Imagine the complexity of a highway…all of the roads that feed into it, as well as the roads that the single highway feeds. That same complexity is true for bus systems, subways, and air traffic systems. Beyond transportation, there are countless other examples of these complex systems — healthcare, food, water, electricity, information (the internet) and even diseases. Not only does each part play an important role, it is also related in one or more ways to other parts of the system. Our personal networks are the same. 

The connections we make, and the relationships we buildare part of a system of connectivity. It is not onlyimportant who you know, but also critically important who they are connected to. If your network is only a few people whose network is also only a few people, your connectivity cannot flourish. With whom are you connected? What is the strength of those connections? Who are those connections networking with? In other words, what is your social capital?

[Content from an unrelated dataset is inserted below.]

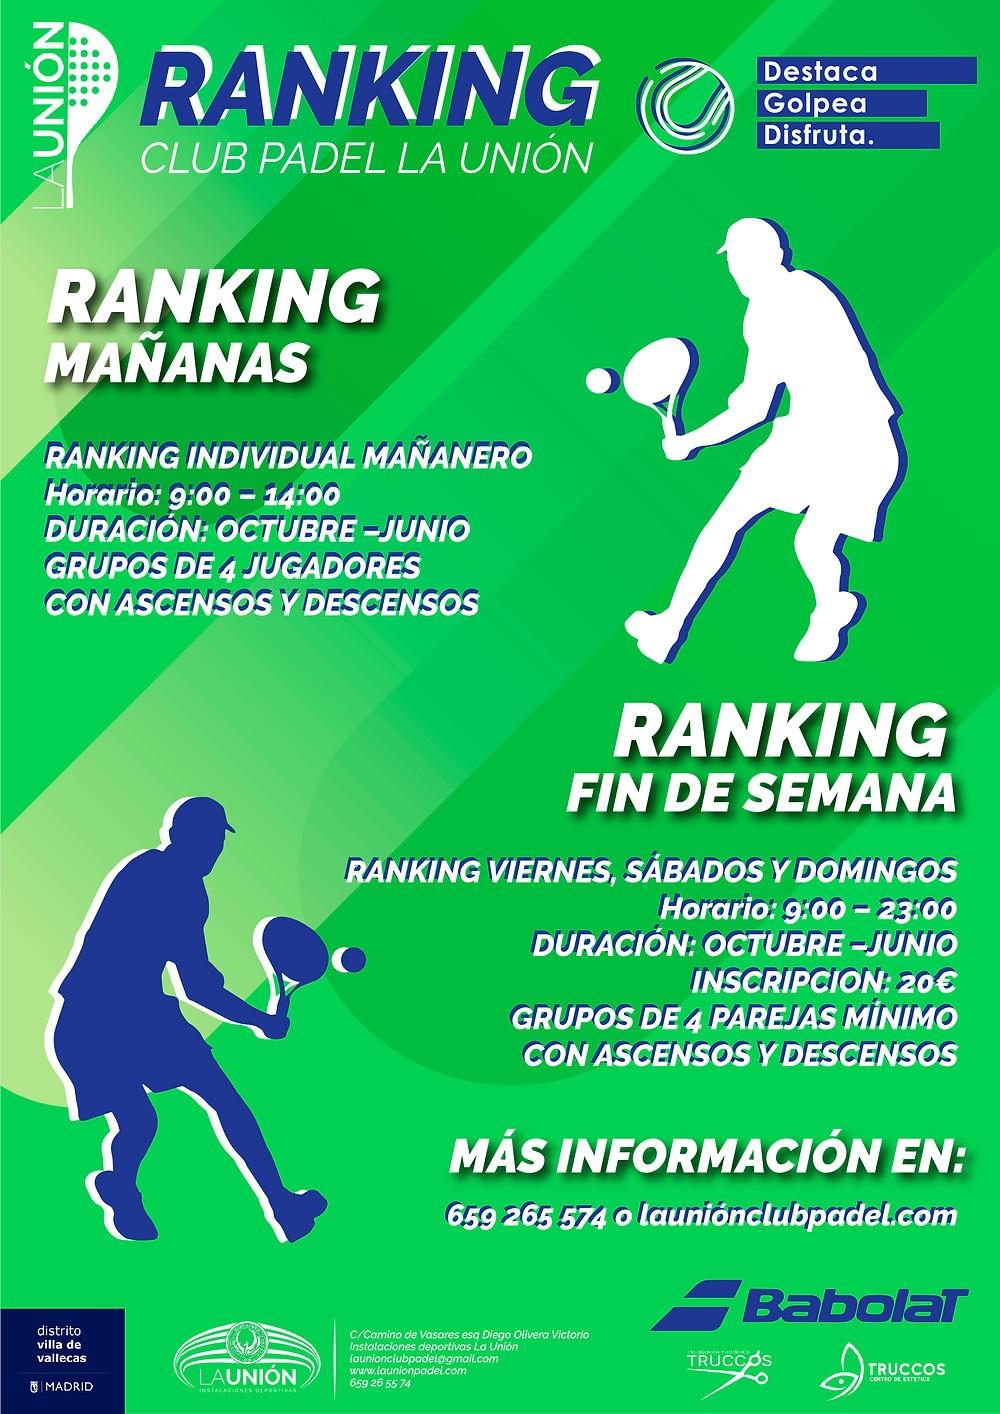 Ranking Padel La Unión

Here is an exercise, or 10 steps you can take, to build, maintain, grow and use your relational connections—your network:

  1. Draw 4 concentric circles (similar to that of a target). This is your network, your relationships. Please your name in the center. 
  2. Make a list of the people you have the closest connections or relationships with. This may include friends, family members, work colleagues, etc. You may have a few or several—try to stay focused on the top 5-8. These are enduring relationships with depth and strength.
  3. Place those names in the first ring of your target. These are your core relationships.
  4. Make a second list that includes relationships with whom you are close, yet not as close as in the first list. This may also include family members, work colleagues, and friends. And, the list is likely to be larger than the first list—perhaps 10-25.
  5. Place these names in the second ring of your target. These are your important relationships
  6. Make a third list of people you would like to add to your network or with whom you would like to build a stronger relationship
  7. Place these names in the third ring of your target. 
  8. Consider this: Are the relationships where you would like them to be? Perhaps you want to move someone to the core (or into the second or third ring). Or, you might want to move someone to your network. If so, move their names in a way (circle, bold, underline) that you will notice the change.
  9. Make a fourth list of people you would like to meet or with whom you would like to build a relationship
  10. Finally, consider this: Who do you know and have a relationship with (first or second ring) that can help connect you, or help you to build a relationship with those in your third ring? What’s in it for the person you want to build the relationship? How will you ask for their help? What’s in it for them?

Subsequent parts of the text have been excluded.